Companies need to find a balance between privilege and confidentiality protections, and a strategy for sharing threat intelligence. Done well, this can help improve the overall ecosystem resilience without compromising our legal culture.
Small and mid-sized firms outsource enormous amounts of sensitive work, from document review to financial modeling to cloud infrastructure. How should a firm be thinking about third-party risk when their vendors’ vendors also have access to client data?
Vendors should no longer be seen as an external third party. They should become part of a company’s integrated supply chain, with the duties, responsibilities and trust that this requires.
At a practical level, the company’s responsibility is to understand the end-to-end supply chain and the role that every vendor plays in it. This means, for example, keeping a live inventory of all partners that handle sensitive data, classifying them and even requiring vendors to disclose their sub-processors.
When signing a contract, companies need to set security obligations, incident-notification timelines and the right to know who accesses their data and in which terms. Additionally, due diligence needs to go beyond a one-off questionnaire and needs to be assessed periodically.

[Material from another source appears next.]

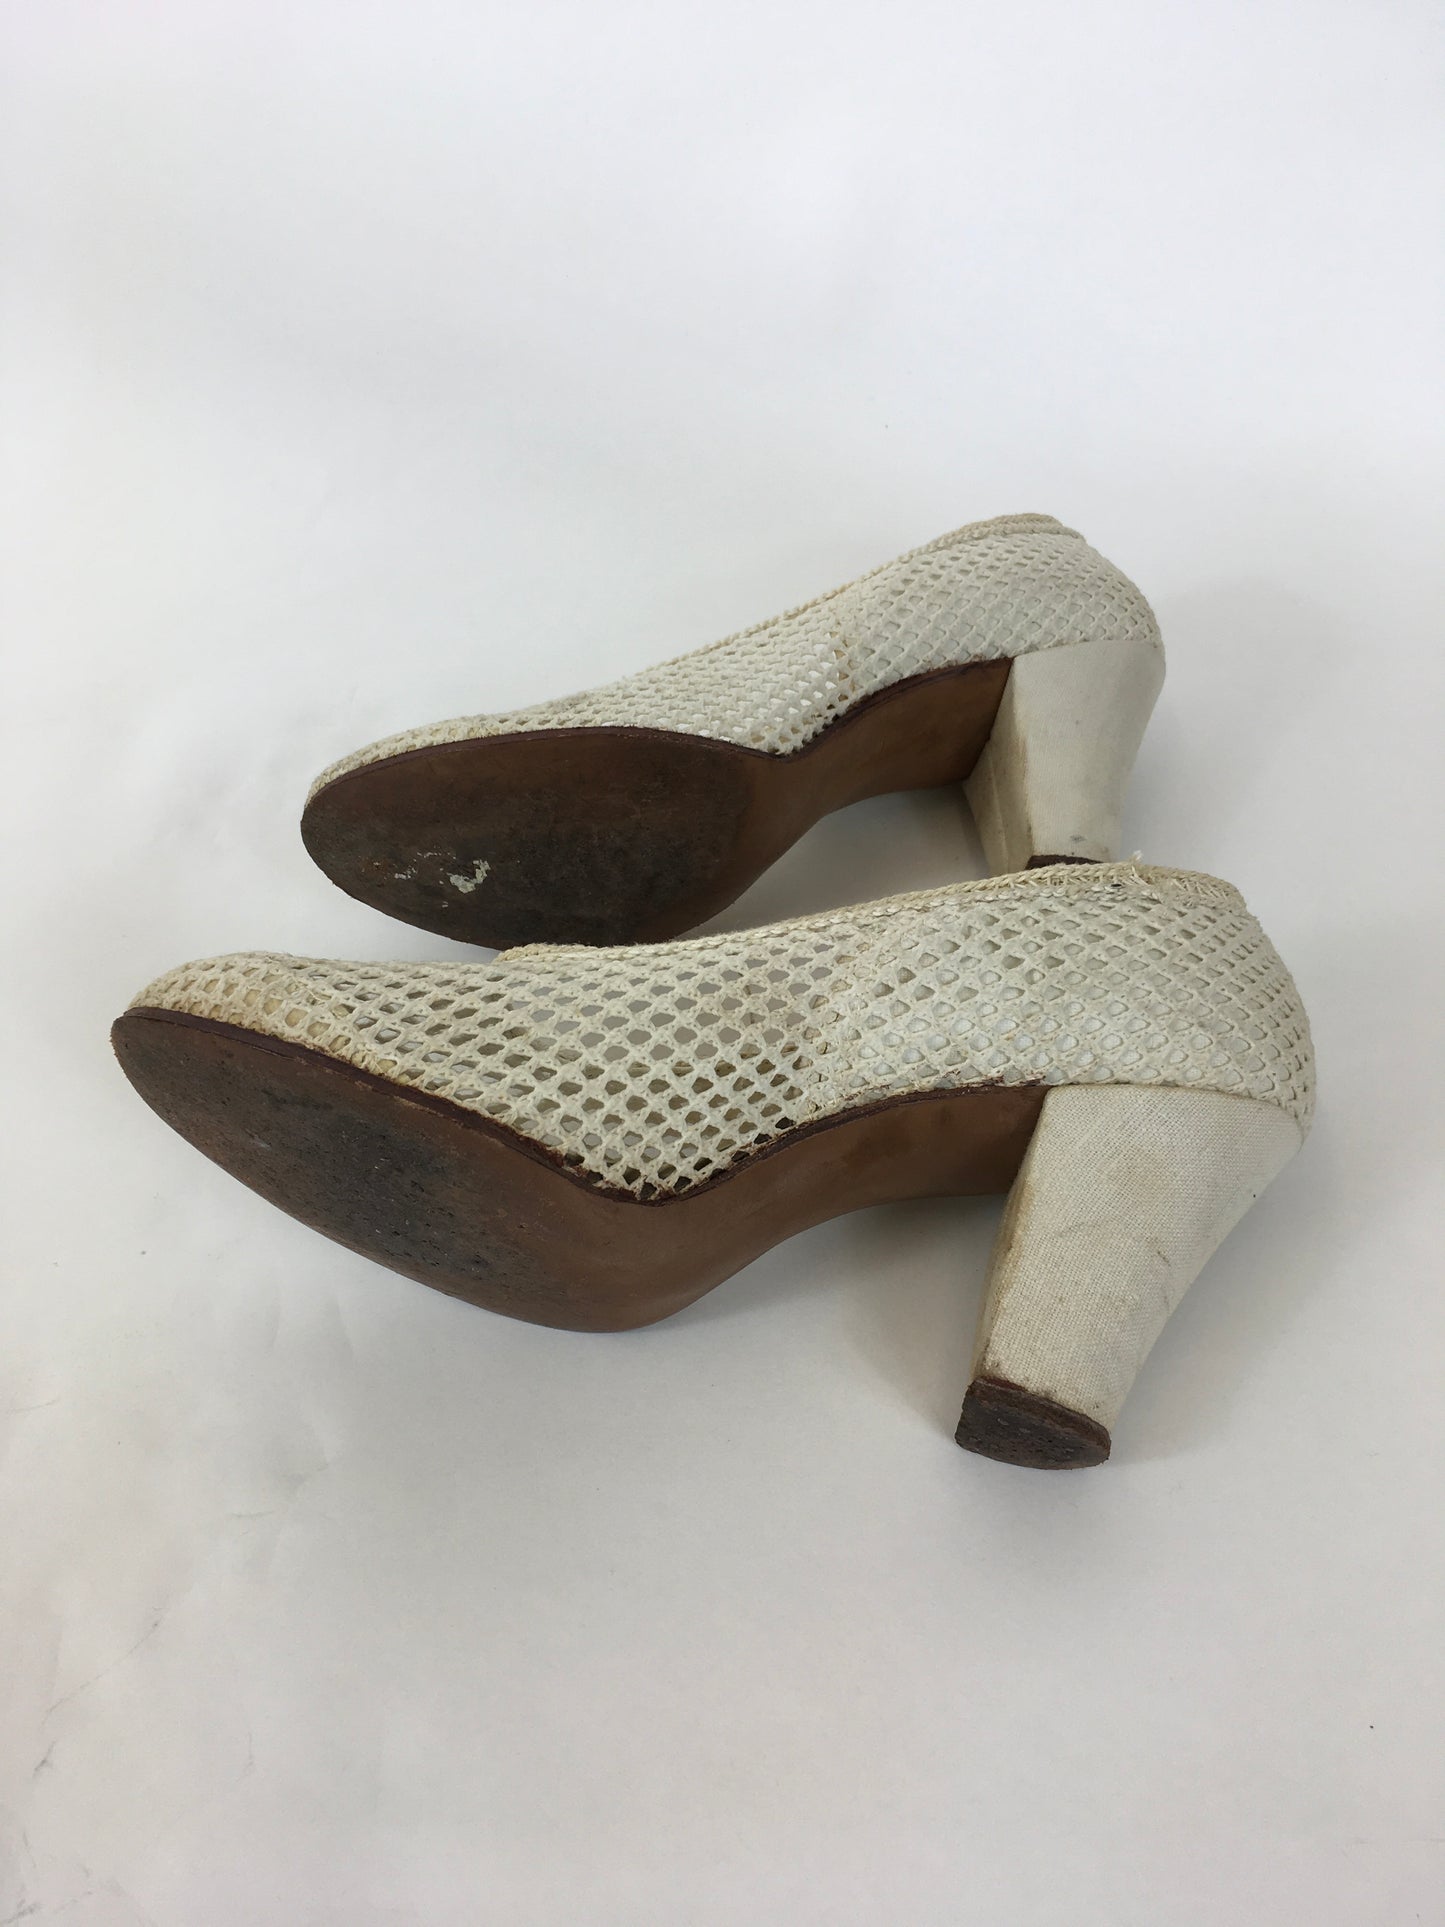 Original 1940’s Beautiful CC41 Utility Shoes - In An Off White Fabric Cloth

You need to make sure that you set minimum standards and that your vendors enforce them.
You can outsource work, but you can not outsource the accountability to protect your and your client’s data. So, you need to do everything in your power to enforce your standards.
Legal tech and fintech have exploded with AI-native tools promising efficiency gains. What questions should a managing partner be asking before signing a contract with any of these vendors, and which answers should be dealbreakers?
Onboarding AI-native tools should be seen as giving new hires access to firm’s most sensitive information. It needs to be done by giving specific guidelines, and without making any assumptions.
Specific questions need to be made: What does the tool take in, where is it based and which jurisdictions’ laws apply to it? Is the information used to train models that benefit other customers or is it kept strictly to that company’s environment? What are the retention rules, what are the processes to request deletions and what audit logs are in place?
On top of that, independent assessments to track these are required. These can be audit reports, certifications, pen-test summaries, incident records…
When contracting, companies also need to be very specific about accountability. They need to be clear on what they commit regarding security controls, breach notification timelines and liability if a failure leads to financial, regulatory or reputational damage.
If you could change a structural thing about how professional services firms are built, governed, or regulated to make them more secure, what would it be and who would resist it most?
If I could make a structural change, it would be to treat security as a core business control, owned at the board level, measured consistently and evidenced through independent assurance. The aim is to work towards a predictable resilience. This means having fewer points of failure, faster containment when something goes wrong and more transparency.